A venture capital corporation (MMV) acquired 49% of the voting common shares of the respondent while in interim bankruptcy proceedings and subscribed $1,000 for a large number of non-voting common shares giving it over 99.8% of all the common share equity. It then financed taking the respondent out of bankruptcy proceedings at a modest cost, and transferred a loan portfolio of U.S.$86 million to the respondent, effectively in consideration for secured debt and preferred shares, thereby reducing the equity interest of the five arm’s length holders of 51% of the MMV voting common shares to less than 0.01% and also permitting the use of the respondent’s non-capital losses.

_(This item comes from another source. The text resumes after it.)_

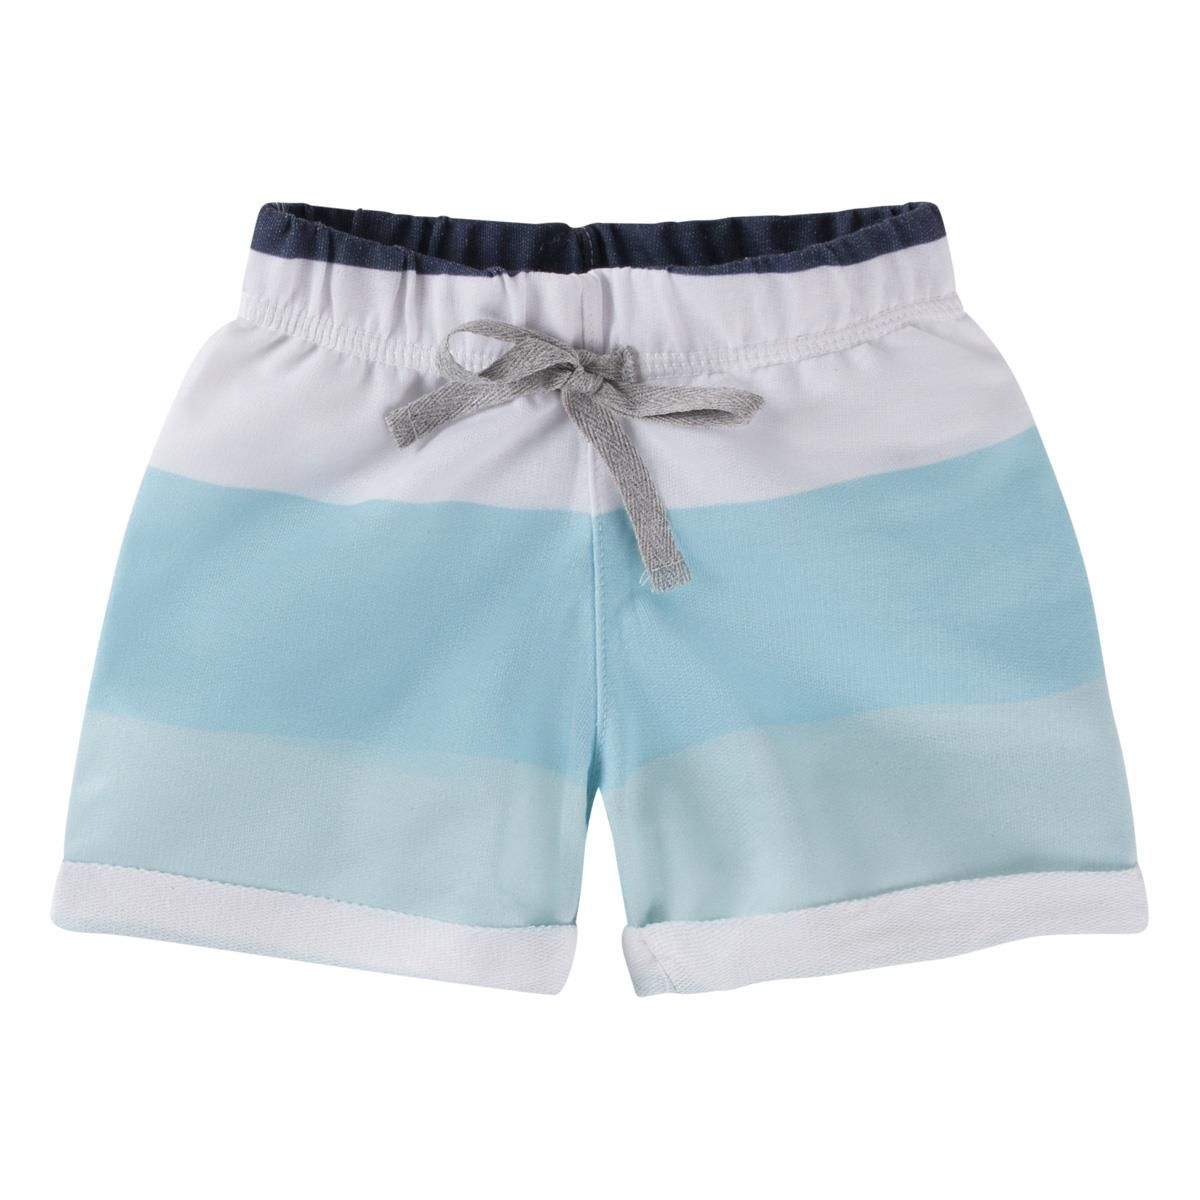 Conjunto Camiseta e Shorts - Nautico

In applying Deans Knight to reverse the Tax Court finding that there was no abuse of s. 111(5), Monaghan JA stated (at paras. 34-35):
The object, spirit and purpose of subsection 111(5) – its rationale – is
“to prevent corporations from being acquired by unrelated parties in order to deduct their unused losses against income from another business for the benefit of new shareholders”.As in Deans Knight, what happened here is exactly what subsection 111(5) seeks to prevent.
Regarding the respondent’s submission that the original five voting common shareholders still could have elected a new board that would pay them dividends, Monaghan JA stated (at paras. 45-46):
The power imbalance is self-evident. MMV had the right to demand immediate repayment of the credit facility and to demand redemption of the preferred shares within 30 days. Had it done so, the respondent would have been unable to pay dividends and, once those demands had been met, would have had little, if any, assets of value. Given this, and their collective infinitesimal interest in the respondent, the prospect of the five original shareholders electing directors and paying themselves dividends was illusory.
Put another way, while their common shares provided the five original shareholders with de jure control, they had no effective way to use that control to benefit from the respondent’s losses.